From the Assistant Principal Students
Bullying
In a perfect world there would be no bullying. Unfortunately, we live in a complex world and bullying does occur.
Bullying in schools is a worldwide problem that can have negative consequences for the general school climate and for the right of students to learn in a safe environment without fear. Bullying can also have negative lifelong consequences--both for students who bully and for their victims.
Bullying happens on buses, in the cafeteria, gym, hallways, playground, and in classrooms even after school. The most frequent form bullying takes is through psychological humiliation words such as teasing, taunting, ridiculing, name-calling, and gossip, secrets. This type of bullying happens in the “physical” world and that world has time and space limits.
Cyber-bullying is making school days even more painful for many children preventing them from doing their job. Bullying in cyberspace is not bound by school hours, school days, or facing the intended bully victim. Unfortunately, the nature of the Internet often insulates the bully from the consequences of their behaviour.
In addition to direct attacks, bullying may also be more indirect by causing a student to be socially isolated and embarrassed. While boys typically engage in direct bullying methods, girls who bully are subtler, such as spreading rumours and enforcing social isolation. Whether the bullying is direct or indirect, the key component of bullying is that the physical or psychological intimidation occurs repeatedly over time to create an ongoing pattern of harassment and abuse which could lead to aggression and may trigger the victim to react violently or subject him to suicide.

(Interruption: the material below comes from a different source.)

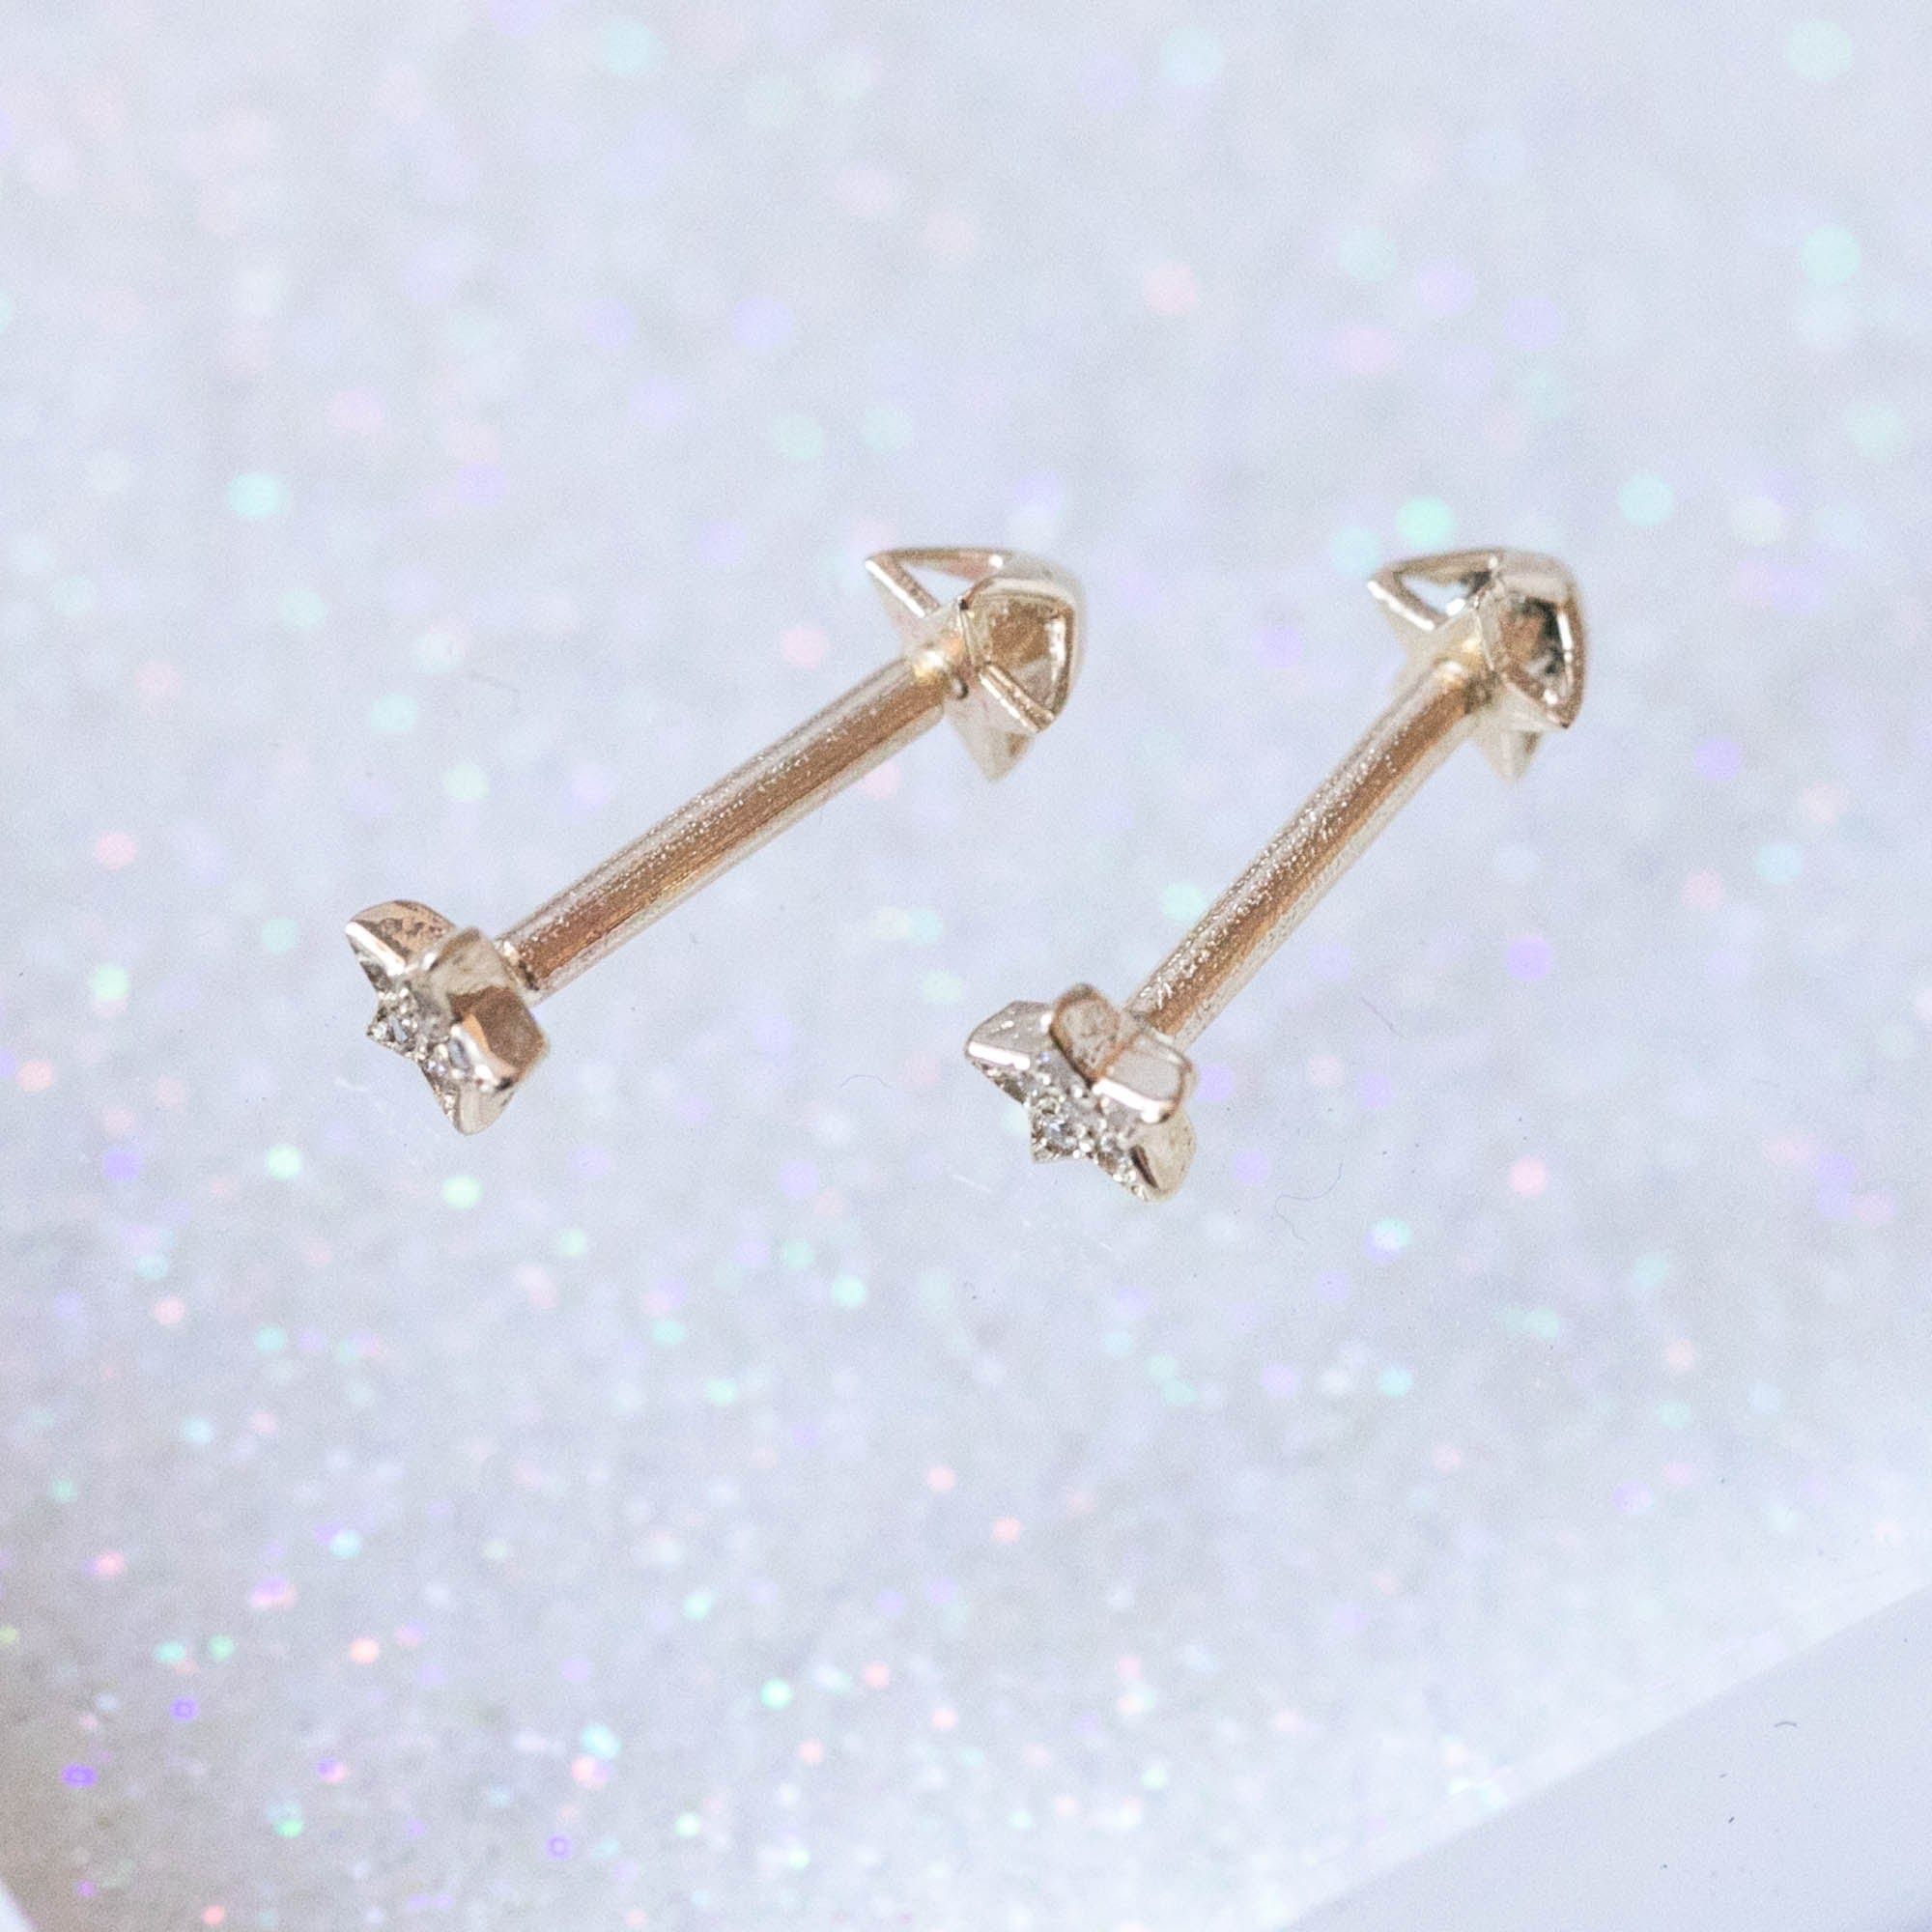 Twilight London Barbell Earring Gold 14K Solid Gold Star Barbell

As the number of households with Internet access and mobile phone ownership increases, so do the ways kids bully each other. Cyber-bullying in the form of text messages, emails, photos, website postings can go school-wide in minutes and global in days. Slanderous information sent out into cyberspace is difficult. Cyber-bullying often takes the form of cyber gossip and is posted on social networking sites such as Snapchat, Instagram and FaceBook.”
What does cyberbullying look like?
Cyberbullying behaviour might include:
- abusive texts and emails
- hurtful messages, images or videos
- imitating others online
- excluding others online
- humiliating others online
- spreading nasty online gossip and chat
- creating fake accounts to trick someone or humiliate them
How common is it?
1 in 5 Australian young people reported being socially excluded, threatened or abused online
55% sought help from their parents, 28% from their friends; 38% blocked the offending social media account; 12% reported it to the website or platform
1 in 5 Australian young people (15% of kids, 24% of teens) admitted behaving in a negative way to a peer online — such as calling them names, deliberately excluding them, or spreading lies or rumours. Of these, more than 90% had had a negative online experience themselves.
Signs to watch for
Children may not always tell adults about cyberbullying through fear they may overreact and make the situation worse.
Watch for these signs:
- being upset after using the internet or their mobile phone
- changes in personality, becoming more withdrawn, anxious, sad or angry
- appearing more lonely or distressed
- unexpected changes in friendship groups
- a decline in their school work
- changes in their sleep patterns
- avoidance of school or clubs
- a decline in their physical health
- becoming secretive about their online activities and mobile phone use
What do we do if it happens to you or someone you know?
If you are being bullied at school or on line, or you know of some one that is being bullied, you must make positive move to stop the bullying. St Andrews has a no tolerance rule for bullying but if you don’t tell us, we cannot help.
Step 1 – talk to someone about what is happening. If you know the person and you are comfortable approach them and ask them to stop.
Step 2- approach your parents or the school to help you sort out the issue. You have your learning advisor or your Leaders of Learning that are there to support you. They might give you strategies to help deal with the situation or they might intervene, this is up to you.
Step 3- If you are able to sort things out, move forward in a positive way, if not speak to another person of approach someone you trust to help you. At the end of the day we want all students to be safe and learning so we will assist any student to help that happen. Don’t be afraid to come and see a teacher it is our job to assist you.
What is in the Planner?
Am I being optimistic about
- What do I have?
- What can I do?
- What do I want to do?
Adopting a resilient mindset will help you set goals and achieve them.
- What could you set as goals for the remainder of the term?
- Look at the goal you set and break them into smaller tasks and plan time to target them.
- Seek feedback on your progress in order to self assess on what you need to learn to move forward confidently.
Think about how the resilience skill, Optimism and Hope help you achieve these goals?